Pour autant, le projet de loi de finances pour 2025 ne change pas une virgule, je tiens à le préciser, au montant que l’État verse à La Poste pour la distribution du courrier. L’État poursuit ainsi son engagement, avec plus de 910 millions d’euros de dépenses visant à permettre à La Poste d’assurer sa mission de service public.

Les débats budgétaires, qui ont débuté à l’Assemblée nationale et qui se poursuivront au Sénat, seront l’occasion de poser ces questions et d’échanger avec l’ensemble des parlementaires sur l’attention que nous devons prêter à la présence du service public de proximité dans nos territoires.

Au-delà, permettez-moi d’évoquer, madame la sénatrice, le succès des maisons France Services. Elles ont été lancées en 2019 et nous comptions, au 1er octobre dernier, 2 753 maisons France Services labellisées, dont près d’une cinquantaine, me semble-t-il, dans votre département.

À l’échelon national, plus de 400 d’entre elles sont situées au sein d’un bureau de poste. Cela permet à ces maisons de rester ouvertes plus longtemps, mais aussi de diversifier les activités en toute proximité.

Le taux de satisfaction enregistré – 96 %, un score assez exceptionnel pour un service public – montre que le modèle fonctionne et qu’il répond à des attentes très fortes de nos concitoyens dans les territoires. J’ai pu le vérifier récemment à l’occasion de deux déplacements, dans l’Oise et dans la Sarthe.

Madame la sénatrice, mesdames, messieurs les sénateurs, vous pouvez donc compter sur mon action, ainsi que sur celle du Gouvernement dans son ensemble pour préserver nos services publics, y compris dans le contexte budgétaire actuel que vous connaissez si bien.

M. le président. La parole est à Mme Marie Mercier, pour la réplique.

Mme Marie Mercier. Je ne doutais pas de votre volonté, monsieur le ministre.

Les maisons France Services fonctionnent d’autant mieux qu’elles ont été ouvertes pour compenser des fermetures antérieures.

Permettez-moi de citer cette très belle phrase de notre Premier ministre : « Nos villes moyennes, nos sous-préfectures, nos villages, tous font la République et méritent que des services publics y demeurent ou y reviennent. » Nous sommes tous là pour y veiller. Merci de votre vigilance.

retard dans la mise en œuvre des procédures d’indemnisation forfaitaire au titre de réparation des préjudices subis par les harkis

M. le président. La parole est à M. Christophe Chaillou, auteur de la question n° 041, adressée à M. le ministre des armées et des anciens combattants.

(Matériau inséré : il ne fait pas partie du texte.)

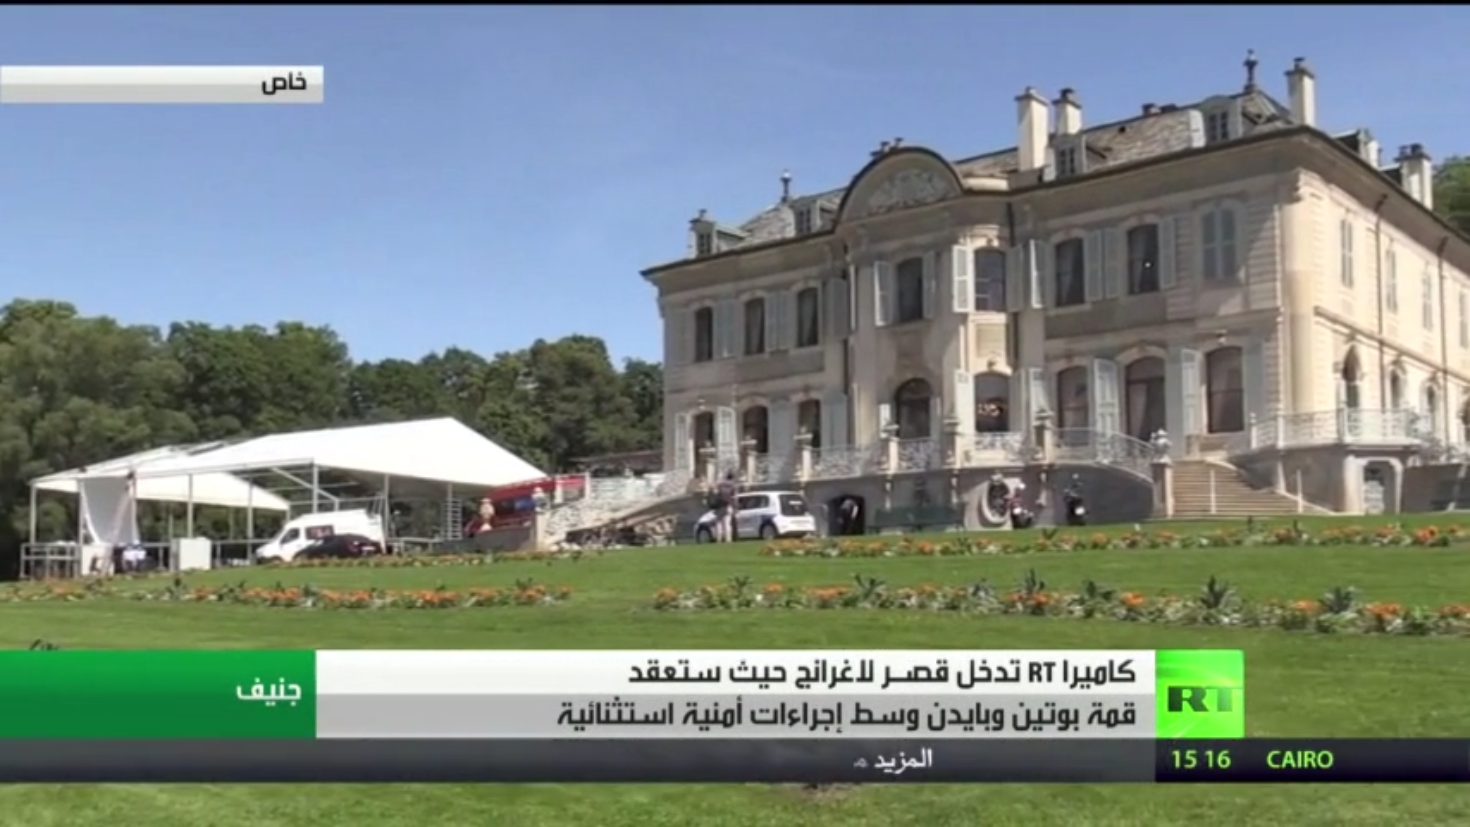 RT في قصر لاغرانج حيث ستعقد قمة بوتين وبايدن

M. Christophe Chaillou. Monsieur le ministre, je souhaite appeler votre attention sur les difficultés résultant du délai de traitement des dossiers de demandes d’indemnisation forfaitaire au titre de la loi n° 2022-229 du 23 février 2022 portant reconnaissance de la Nation envers les harkis.

Cette loi prévoit légitimement la réparation des préjudices subis par les harkis et leurs familles du fait de l’indignité de leurs conditions d’accueil et de vie dans certaines structures sur le territoire français.

En application de cette loi, les harkis ou les personnes rapatriées d’Algérie anciennement de statut civil de droit local et leurs familles ayant séjourné dans une ou plusieurs structures d’accueil entre le 20 mars 1962 et le 31 décembre 1975, peuvent constituer un dossier auprès de l’Office national des anciens combattants et victimes de guerre (ONACVG) pour obtenir une indemnité.

Selon le gouvernement de l’époque, plus de 50 000 personnes devaient ainsi pouvoir bénéficier de cette indemnisation.

De nombreux harkis ont manifesté leur volonté de débuter ce processus de réparation : selon le bilan global des indemnisations présenté par la commission nationale indépendante de reconnaissance et de réparation des préjudices subis par les harkis, environ 20 000 dossiers auraient été traités jusqu’en août 2024.

Cependant, de nombreux autres dossiers resteraient en attente – certains depuis plus de deux ans –, entraînant de fait un sentiment d’abandon chez les personnes concernées.

Monsieur le ministre, pouvez-vous nous communiquer le nombre exact de demandes qui sont en attente de traitement ? Le Gouvernement prévoit-il d’allouer à l’ONACVG des moyens supplémentaires afin de permettre l’instruction, dans les meilleurs délais, de l’ensemble des demandes d’indemnisation forfaitaire ?

Il y va en effet de notre responsabilité collective et de celle de la Nation vis-à-vis des harkis.

M. le président. La parole est à M. le ministre délégué.

M. Jean-Louis Thiériot, ministre délégué auprès du ministre des armées et des anciens combattants. Monsieur le sénateur Chaillou, je vous remercie de cette question, qui me donne l’occasion de m’associer à l’hommage national qui doit toujours être rendu aux harkis. La manière dont nous nous en sommes acquittés jusqu’ici ne constitue pas la page la plus glorieuse de notre histoire.

Nous prenons évidemment cette question très au sérieux. À ce jour, nous avons reçu, au titre de la loi de réparation de 2022, non pas 50 000, mais un peu plus de 35 000 demandes de réparation.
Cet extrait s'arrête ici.